I have set the PYTORCH_MPS_HIGH_WATERMARK_RATIO=0.7 without knowing what I’m doing, just to understand what happens. Turns out that this time I get the same error message after just 1 epoch of training the same model.

I cannot find anything about this error, other than in some issues of a stable diffusion github repo. Maybe any of you can point me in the right direction?

PS: I hesitate to set PYTORCH_MPS_HIGH_WATERMARK_RATIO=0.0 as it might cause system failure.

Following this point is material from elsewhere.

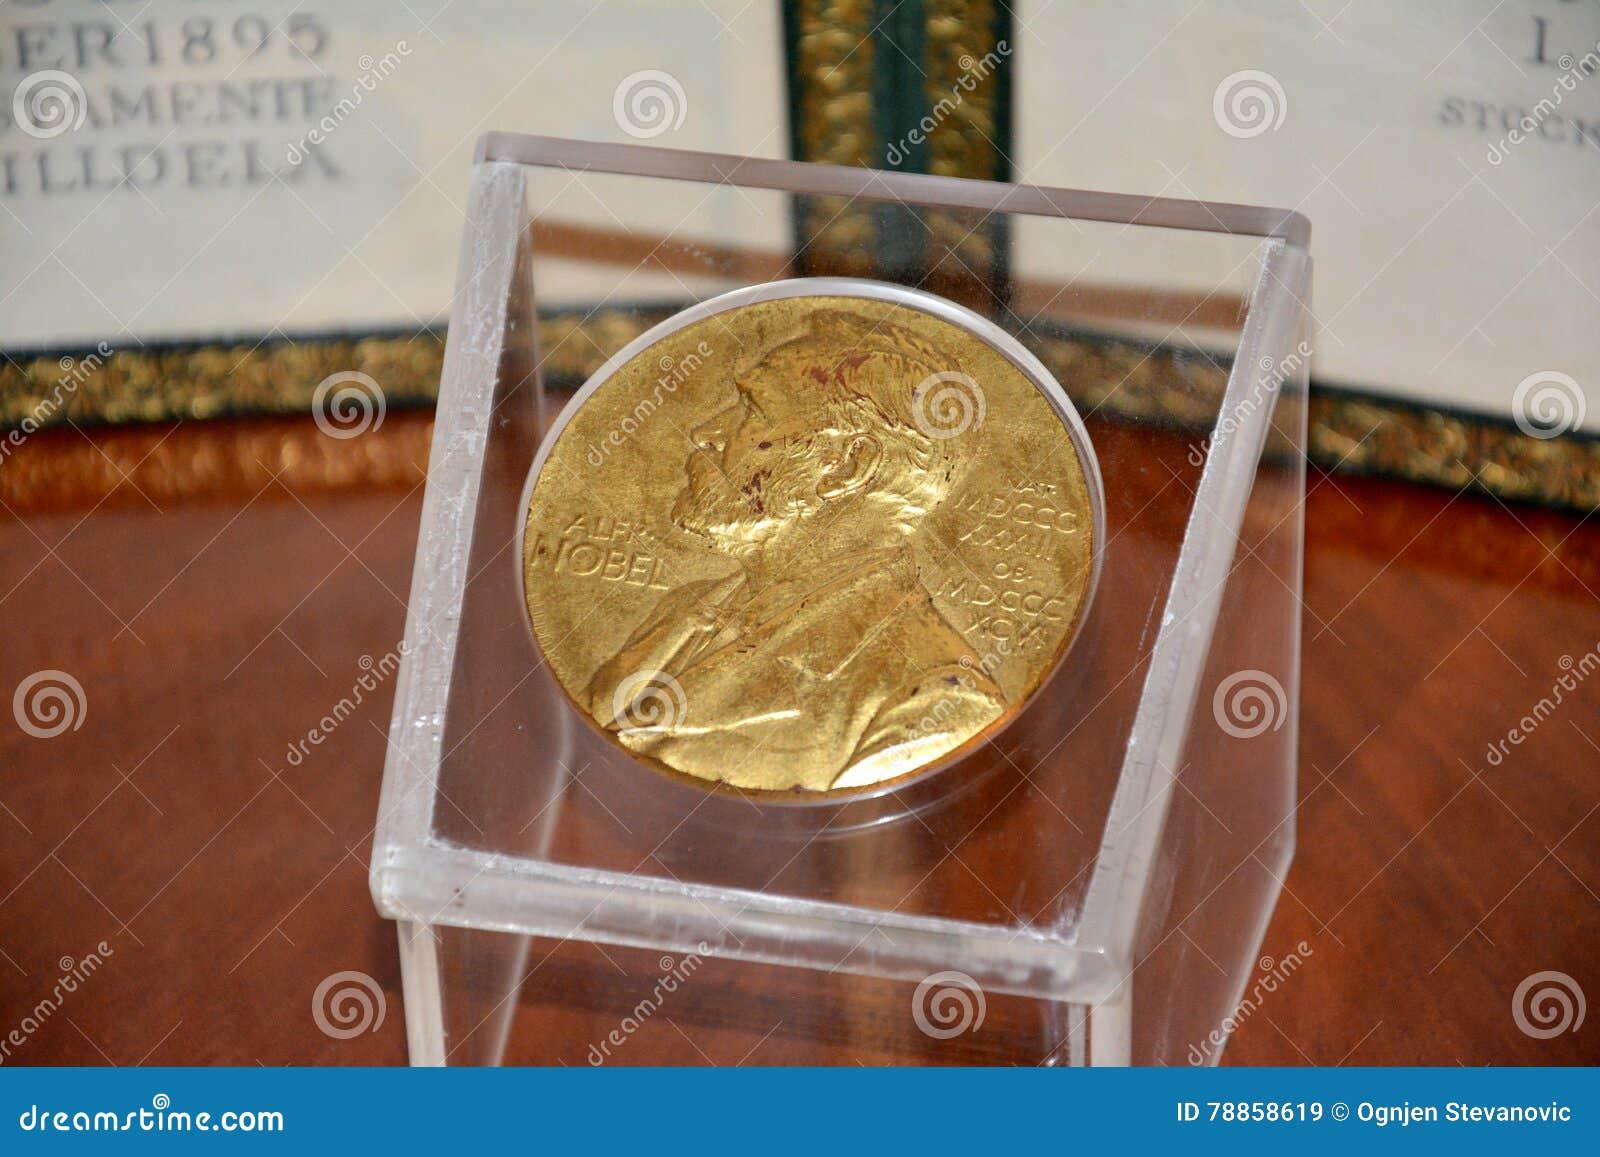 诺贝尔奖奖牌的阿尔弗雷德・诺贝尔

Thanks for your help! :slight_smile:

1 Like

Same issue here, i don’t find any info on how to fix

1 Like

By the way, i figured it out @Hendrik_S. Here some details:

  • First of all, i do not know anything about GPU.
  • Practically, what I did was to reduce the image size, enough so that there wouldn’t be memory problems.
  • You can also reduce the batch size, for the same purpose.
  • You can also the setting to 0.9 or 0.1 (i don’t remember, but you can google this.) However, I wouldn’t touch this setting,

Other details

Now I was under the idea this has to do with the RAM, but the error rather points to the GPU (MPS) in a way, so I am assuming that GPUs have a RAM memory.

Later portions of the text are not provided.